Но и это не совсем ясно. Критическая стратегия Брейтенбаха — отражающая, мне думается, его самые глубокие чувства, — выработала новую идентичность: не африканера, но и не француза (хотя, по его словам, "он живет во Франции"), но и не отщепенца, не сжившегося с условиями изгнания (для многих писателей, говорит Брейтенбах, "изгнание может стать страной для исследования"). Его новая самоидентификация — южноафриканец. Он заново описывает самого себя — для того, чтобы идентифицировать себя как критика, дать себе самоназвание, — как "белого, говорящего на африкаанс южноафриканского африканца" 420.

И в качестве такового Брейтенбах обращается к своему народу подобно тому, как обращался Камю к своему. "Южноафриканские белые — это африканцы, и они должны оставаться там". (Пишет он из Парижа.) Но добавляет то, чего не было у Камю: они могут остаться только при одном условии — "социокультурной общности с чернокожими" 421. Брейтенбах — африканец в том смысле, в каком Камю никогда не был алжирцем, и это самоопределение — не просто конструкция, изобретенная для удобства критической работы, и не поэтическая выдумка. Это реальное историческое явление; африканеры стали одним из африканских племен, гибридом, как и все остальные. И африкаанс — это креольский язык, значительно упрощенный голландский XVII века, с малайскими и африканскими добавлениями; здесь нет ничего общего с французским языком Камю. Это язык, который африканеры делят с цветными (людьми смешанной расы), которые, возможно, сыграли более важную роль в его развитии, — язык, который теперь принадлежит Африке в большей мере, нежели Европе, и который предполагает общность своих носителей.

Критическая работа Брейтенбаха вытекает из его новой самоидентификации.
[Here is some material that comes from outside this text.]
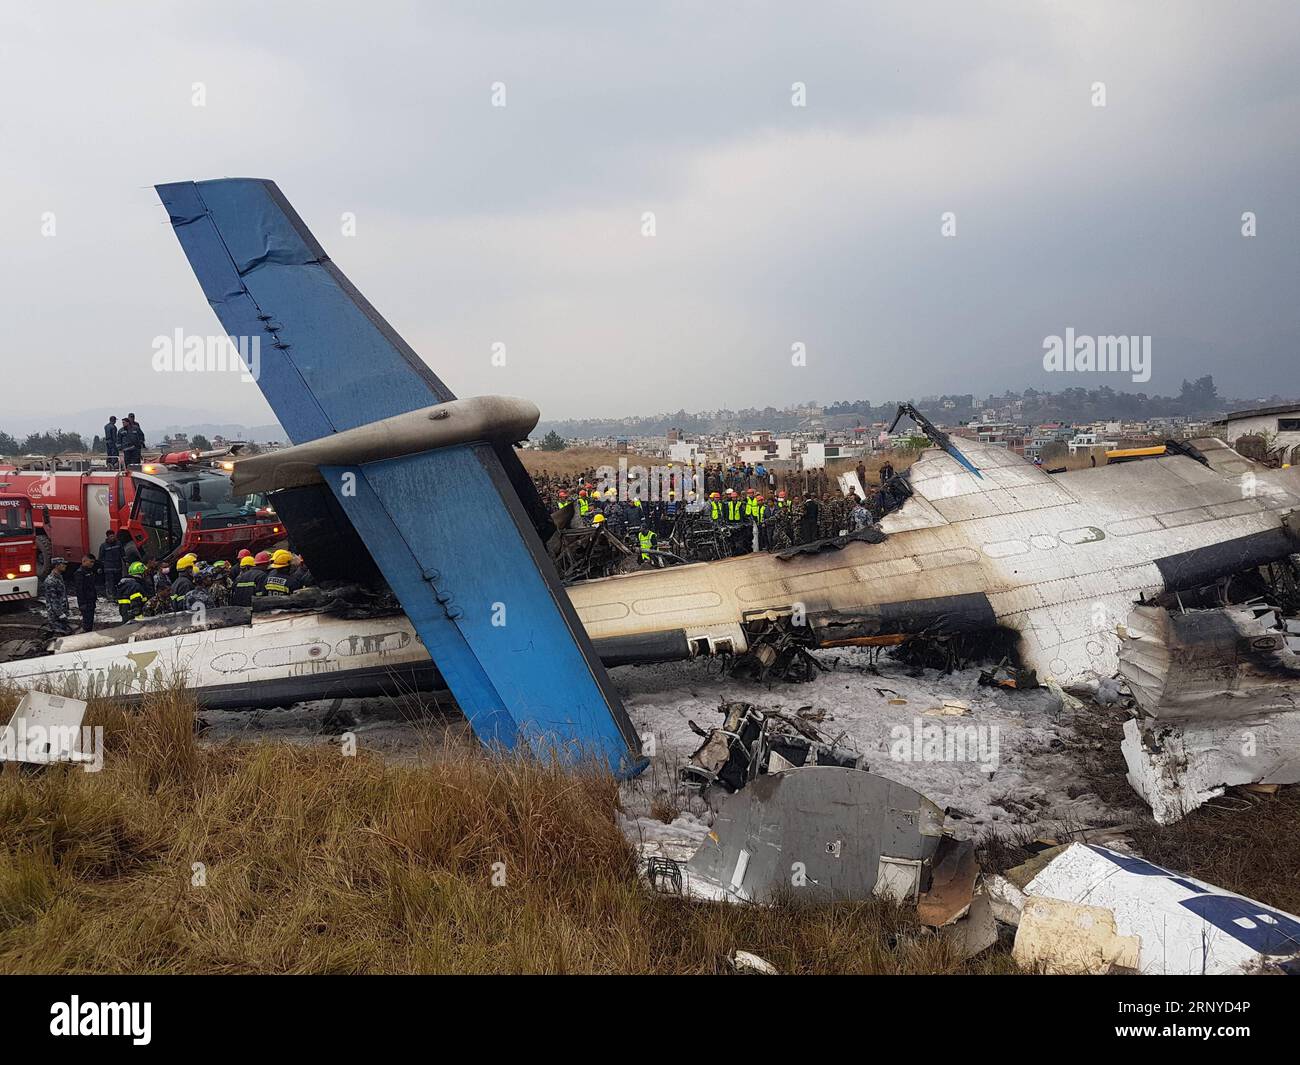 (180312) -- KATHMANDU, March 12, 2018 () -- Photo taken on March 12, 2018 shows the crash-landing site in Kathmandu, Nepal. A passenger plane of the US-Bangla Airlines crashed at Nepal s Tribhuvan International Airport (TIA) on Monday, with dozens feared dead and at least 17 people injured. () (zjl) NEPAL-KATHMANDU-AIR CRASH Xinhua PUBLICATIONxNOTxINxCHN Stock Photo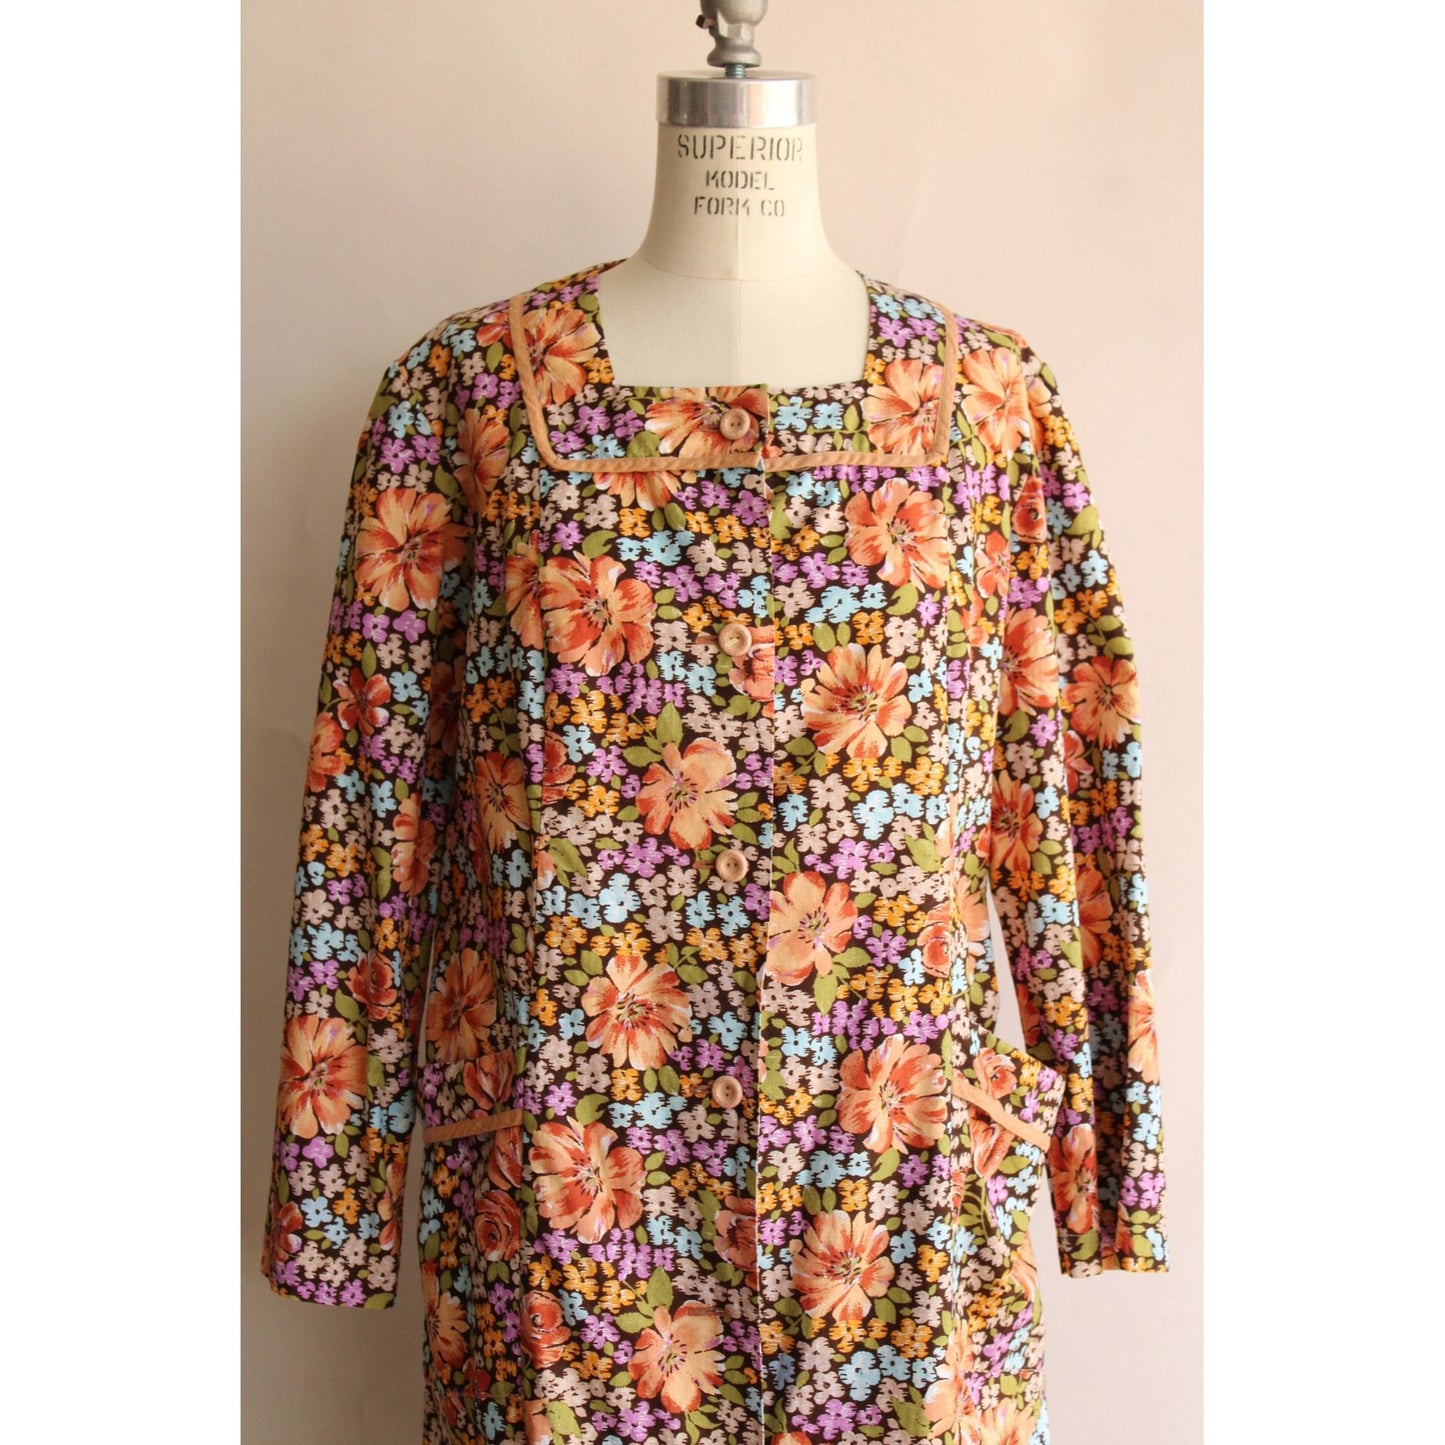 Vintage 1960s Floral Print Housecoat with Pockets

Он утверждает, что апартеид — "это попытка сдержать процесс формирования южноафриканской нации — политически, экономически, культурно и расово, — который стал бы самой естественной вещью на свете, учитывая нашу взаимозависимость и общность корней" 422. Эта попытка имеет успех, апартеид работает, но только ценой изоляции Африканера от народа собственной страны и от "Южноафриканца". Но сама по себе такая идентификация искусственна, именно она задает политическую волю, из-за которой сегодня "родовой этнос африканеров — это отрицание, подавление и реакция" 423. Сказать "нет" всему этому — не значит оскорбить или отказаться от себя. Скорее, это больше похоже на самопознание, чем на самобичевание. И отвергнуть апартеид — это не измена, хотя именно так это и назовут правители страны, те, кто сами находятся в состоянии войны с подавляющим большинством (как это определяет Брейтенбах) собственного народа.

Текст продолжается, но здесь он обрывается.